# Sewing Room Ironing Board



## tallpines (Apr 9, 2003)

So often I wish my ironing board were taller and especially WIDER!

Do you use a standard ironing board?

If not, what do you have?


----------



## BusyBees2 (Dec 10, 2004)

I created a 'big board' that fits over top of my standard ironing board. I wouldn't live without it!!! I think it's 2' x 5' ??

You can make it simply out of 1/2 a piece of plywood and some scraps of 2"x3" wood strips (they use smaller strips of wood in this link) These pieces keep it from sliding off your ironing board legs.

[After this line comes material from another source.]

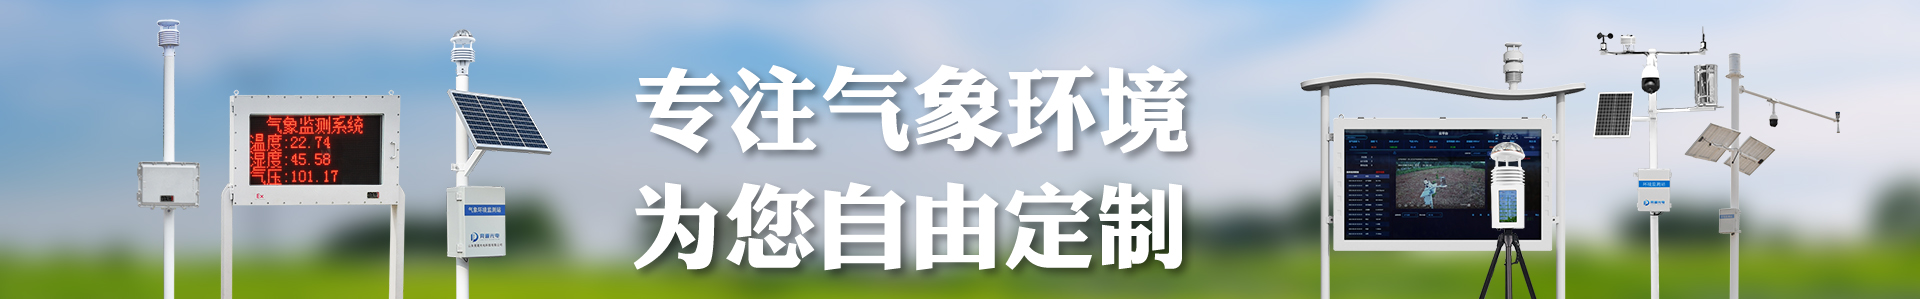 水土流失自动监测站-径流泥沙测量仪-自动气象站-小型气象站-防爆气象站-光伏气象站-完美体育·(中国)官方网站-365WM SPORTS
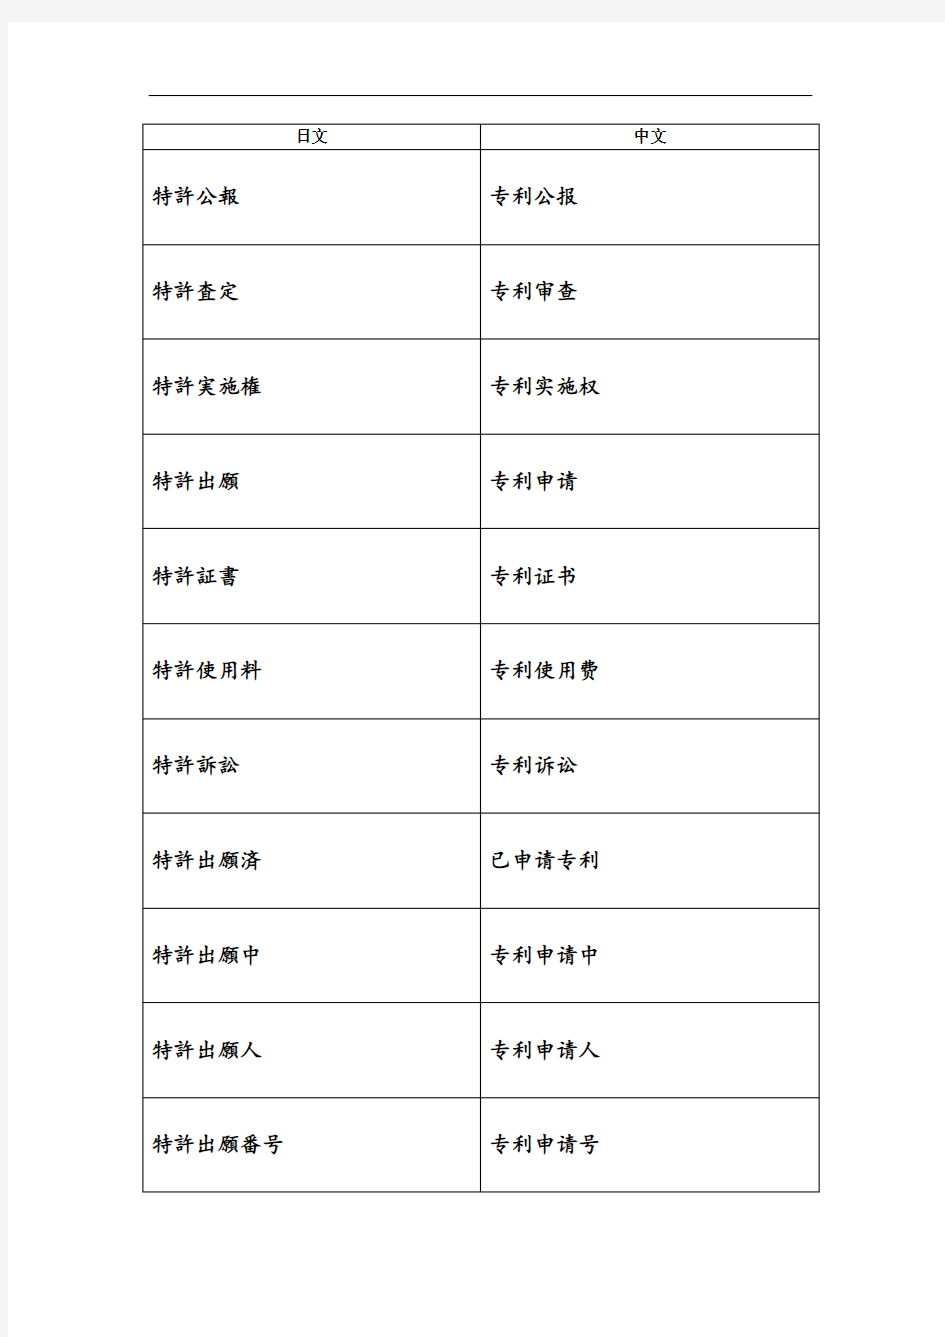 日文中文专利词汇对照

http://wildonionstudio.wordpress.com/2008/08/26/how-to-make-an-ironing-board-topper/

I also drilled holes randomly in the wood so steam could escape. I did not paint it, simply covered with batting and fabric and stapled in place. When the cover gets dirty, I simply add another layer of fabric (and sometimes of batting) without removing the old.


----------



## Tinker (Apr 5, 2004)

BusyBees2, thanks for that link!!!!! I like that the topper is not permanently fixed, so you can take it off to do regular ironing (not that I do much of that!)


----------



## Ardie/WI (May 10, 2002)

I have one of those wide ones from Wal-Mart and love it!


----------



## BusyBees2 (Dec 10, 2004)

Tinker said:


> BusyBees2, thanks for that link!!!!! I like that the topper is not permanently fixed, so you can take it off to do regular ironing (not that I do much of that!)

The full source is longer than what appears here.